Everyone’s above average, right? If you are a lender and making money, you’re in the majority. It’s not that you’re not special, it’s just that with cuts and servicing income, and unprofitable companies going away, most companies are in the black: In the first quarter, 59 percent off all mortgage banking companies were profitable per the MBA Performance Report, buy it for details. Is our government profitable? Of course not, almost regardless of Administration. The federal budget deficit is expected to swell to around $1.9 trillion this year, according to the Congressional Budget Office, which was higher than its previous estimate of $1.5 trillion. This takes into account increased spending for student loans and Medicaid as well as the recently passed $95 billion foreign aid package. National debt is even poised to top $56 trillion over the next 10 years, or 122 percent of GDP, surpassing the 106 percent seen in 1946 after World War II. Meanwhile, the eurozone is facing debt issues of its own, with the ECB warning eight of its members (including Belgium, France, and Italy) over their excessive budget deficits. Today’s podcast is found here and this week’s is sponsored by Candor. Candor’s authentic Expert System AI has powered more than 2 million flawless, hands off underwrites. Every credit risk decision Candor makes is backed by a warranty, eliminating repurchase worries.

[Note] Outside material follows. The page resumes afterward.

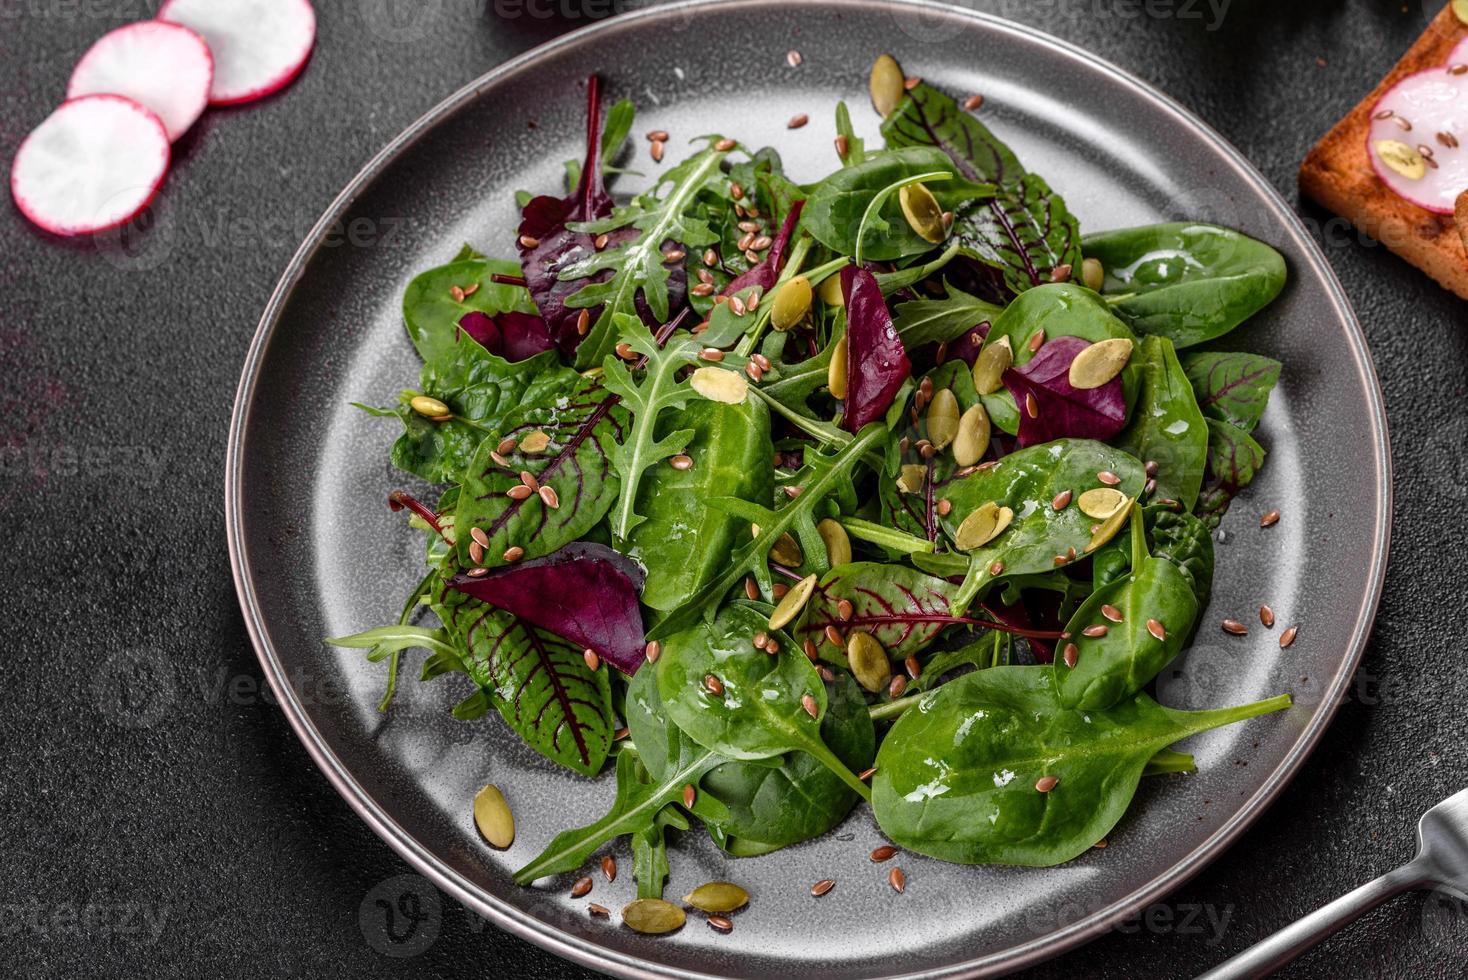 salade juteuse fraîche avec feuilles de mangold, roquette, épinards et betteraves photo

Hear an interview with FinLocker’s Brian Vieaux on bringing consumer permission data to property searches and originations.

Jobs & Employment sought


Mortgage Equity Partners (“MEP”), a mid-cap IMB headquartered in Massachusetts, is proud to be recognized as the fastest-growing IMB in the state measured in both units closed and volume funded in 2023 and YTD 2024. MEP has added production in many of its 22 states over the last 12-14 months. “As a mid-cap, we inherently have a flatter management structure, are more nimble, and can adapt to change quicker. Consistently, we see LOs migrate from large-cap IMBs because, as architects of their own businesses, LOs want quicker access to decision-makers. Those LOs want to operate at their own cadence and not be bogged down with layers of management. Our environment has a positive impact on  LOs as strong business partners to support their referral sources,” said Sean Riley, CEO and General Counsel. To learn more about MEP, visit meploans.com or contact John Cabral, National Sales Director.

A seasoned Mortgage Executive is seeking a new opportunity to help lead a mortgage lender or vendor toward achieving their growth goals. Are you a mortgage lender or vendor (established or new) in need of leadership to navigate the current market and drive future growth? This executive has extensive sales leadership experience in all production channels (TPO, Retail, and DTC) and is an expert in all product types (Agency, Non-QM, and Private Money Lending). They also have deep knowledge of the vendor and technology space.  Please send inquiries to Anjelica Nixt to pass along to the candidate and specify the listing.

(Remember: job seekers can post their resumes for free on www.lendernews.com where employers can view them for several months for a nominal charge.)

Software, products, and services for lenders and brokers


Truv is the only consumer-permissioned VOIE platform approved with both GSEs, solidifying our commitment to delivering top-notch verification services tailored for mortgage lenders, banks, and credit unions. What does this mean for your business? Faster turn times, lower buyback risks, compliance assurance, and reduced operational costs. Read about why this matters for your business here.”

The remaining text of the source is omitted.